#### Activity
Keep the pictures out while you transcribe the listing below exactly.

#### Source data
★ ★ ★ ★
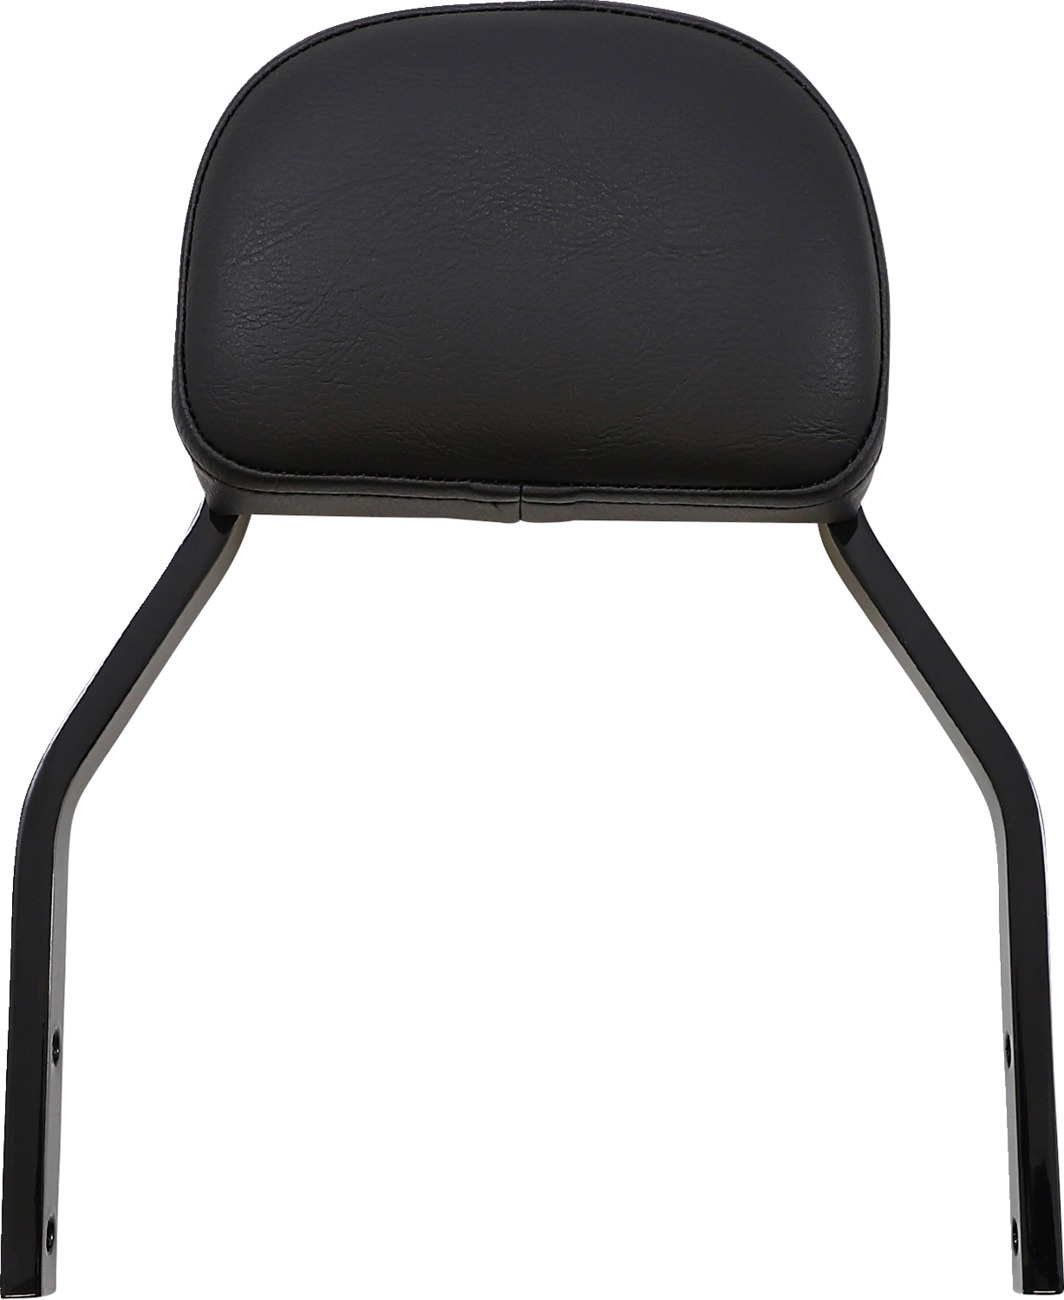 Detachable Backrests - Detachable Bckrst Mini Sqr Blk - Click Image to Close
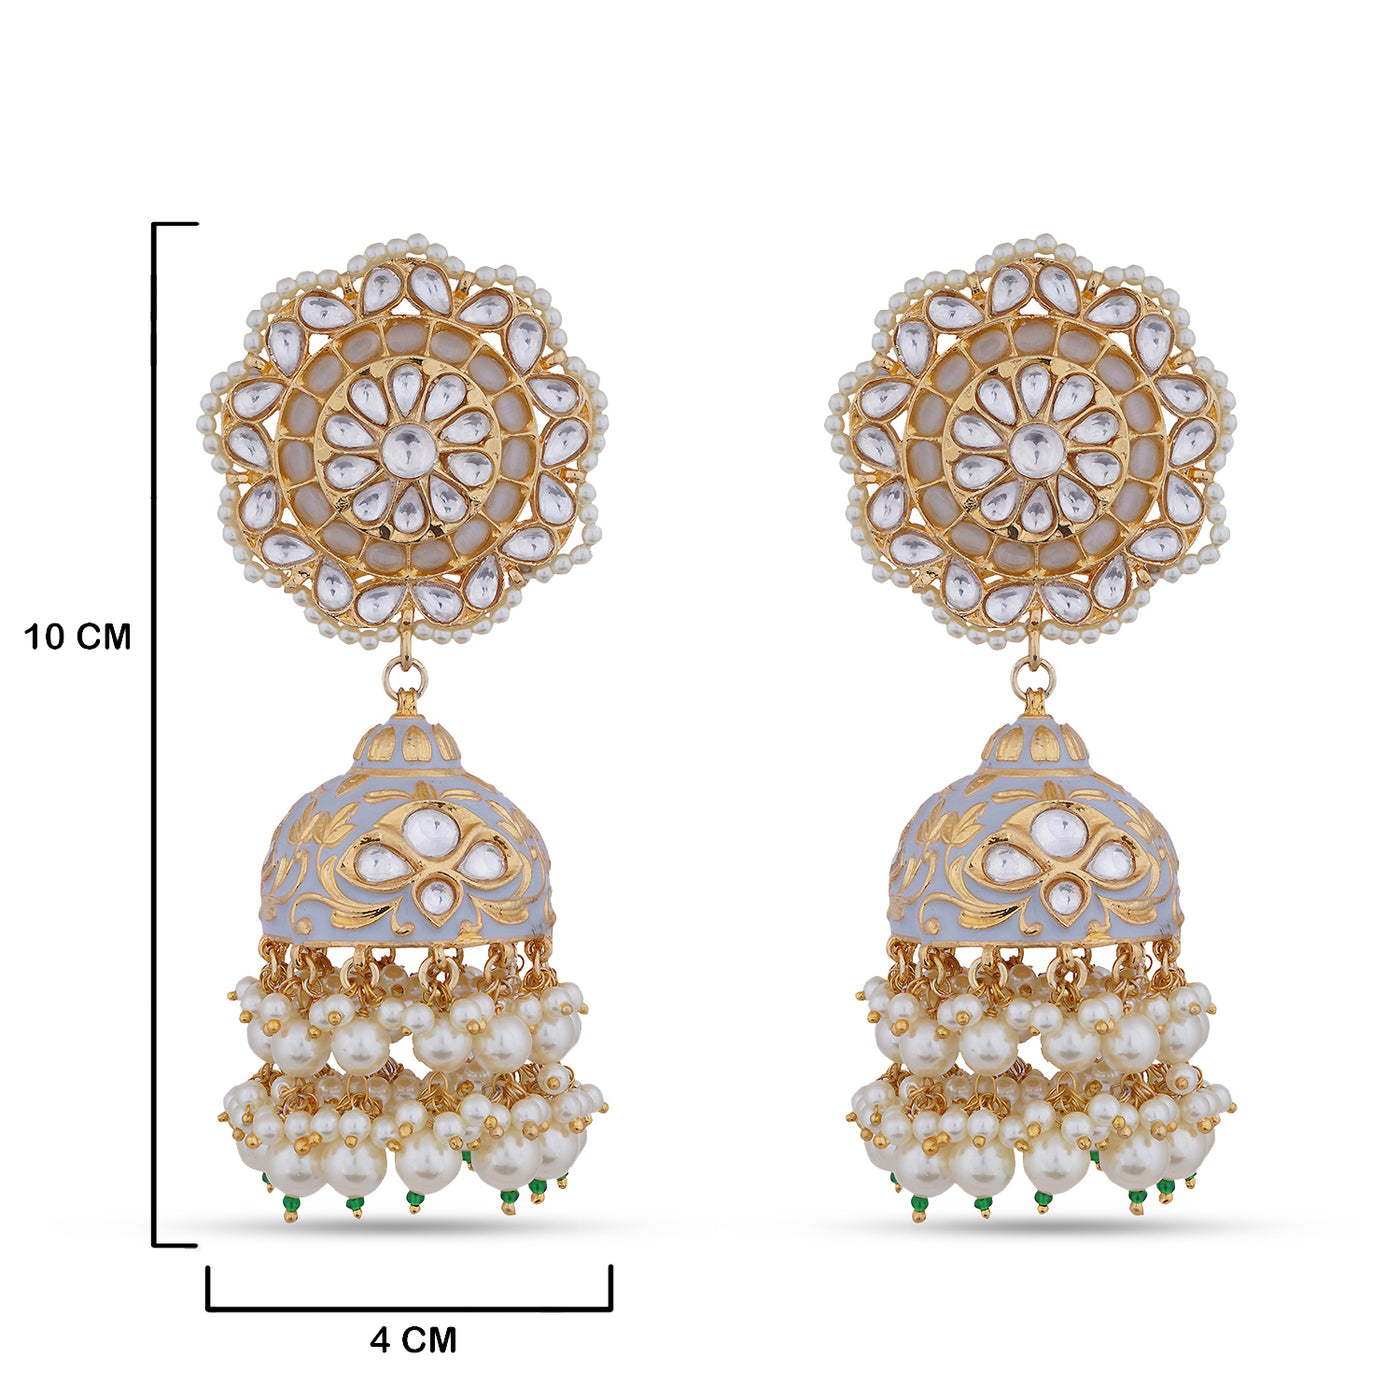 Pearled Jhumki Kundan Earrings with measurements in cm. 10cm by 4cm.
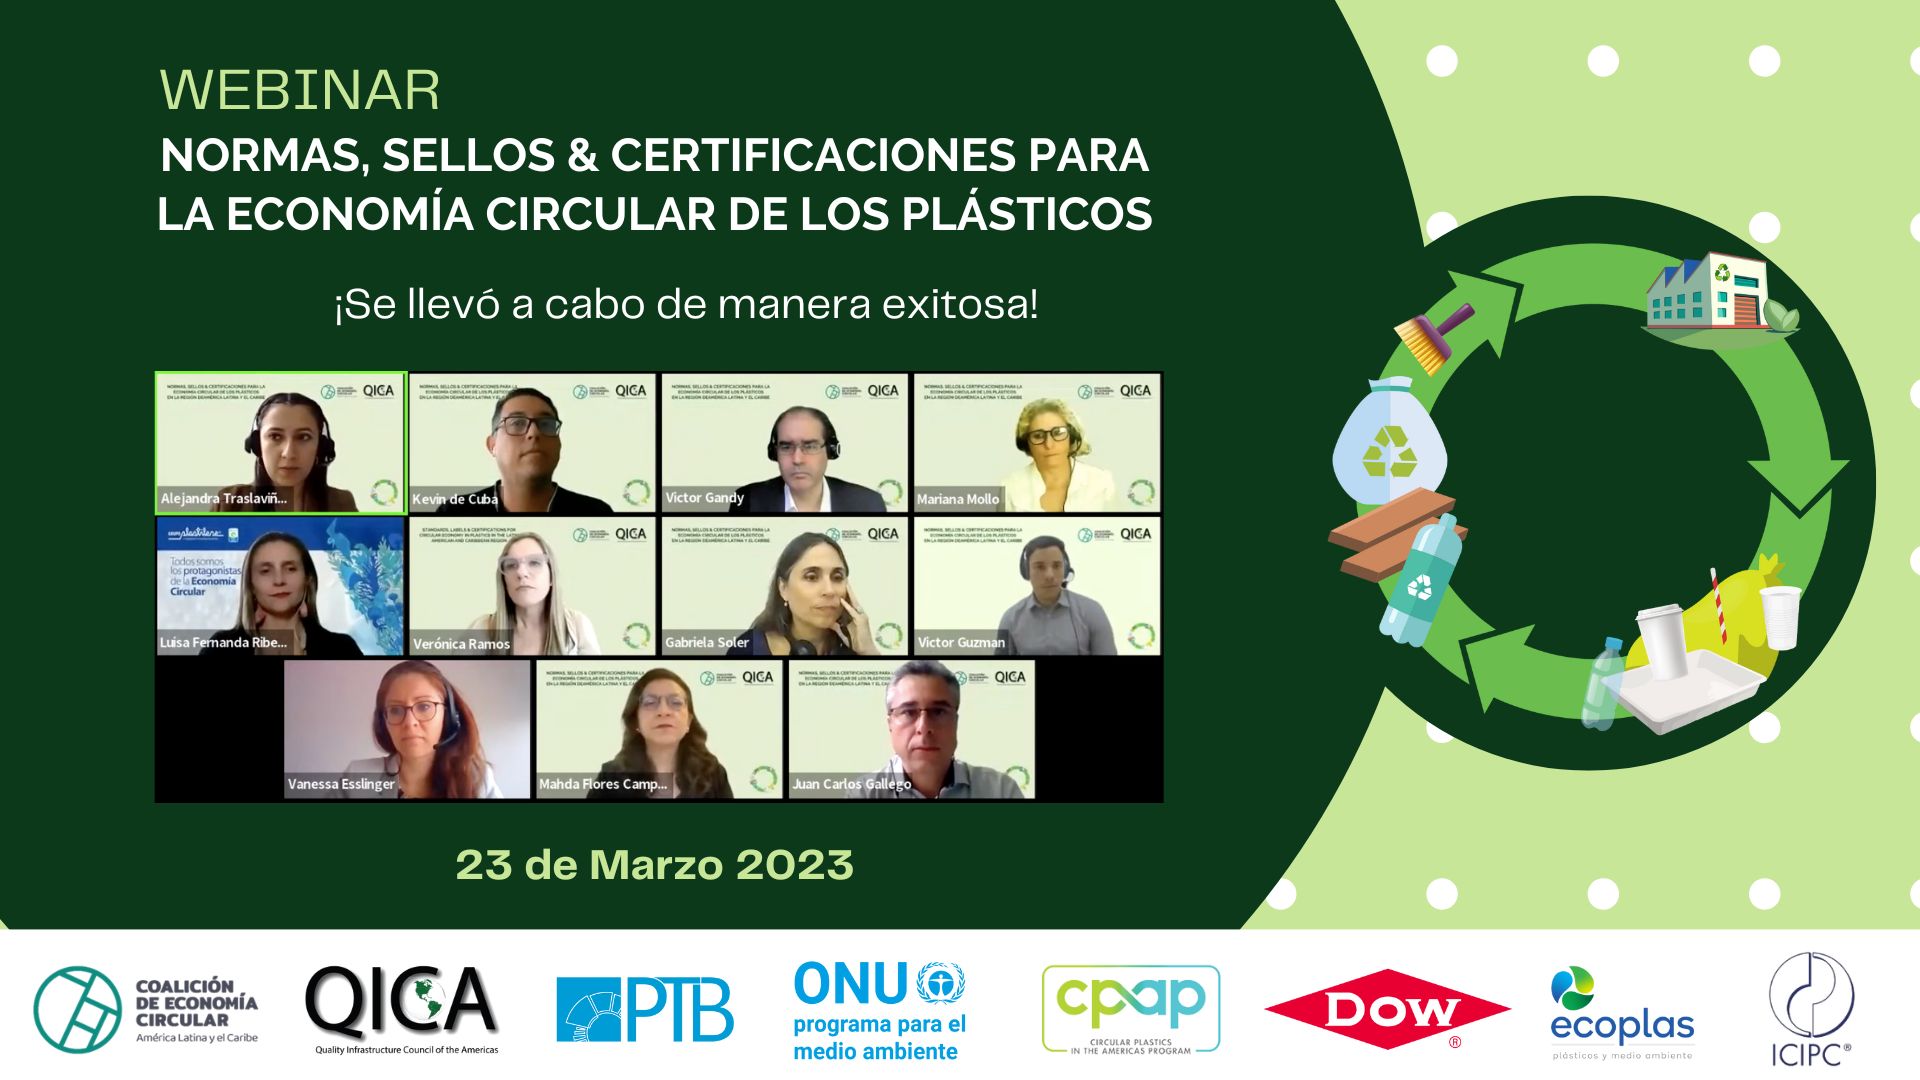 Webinar sobre Normas, Sellos & Certificaciones para la Economía Circular de los plásticos
★ ★ ★ ★
#### Answer box
 Detachable Backrests - Detachable Bckrst Mini Sqr Blk - Click Image to Close
 Pearled Jhumki Kundan Earrings with measurements in cm. 10cm by 4cm.
 Webinar sobre Normas, Sellos & Certificaciones para la Economía Circular de los plásticos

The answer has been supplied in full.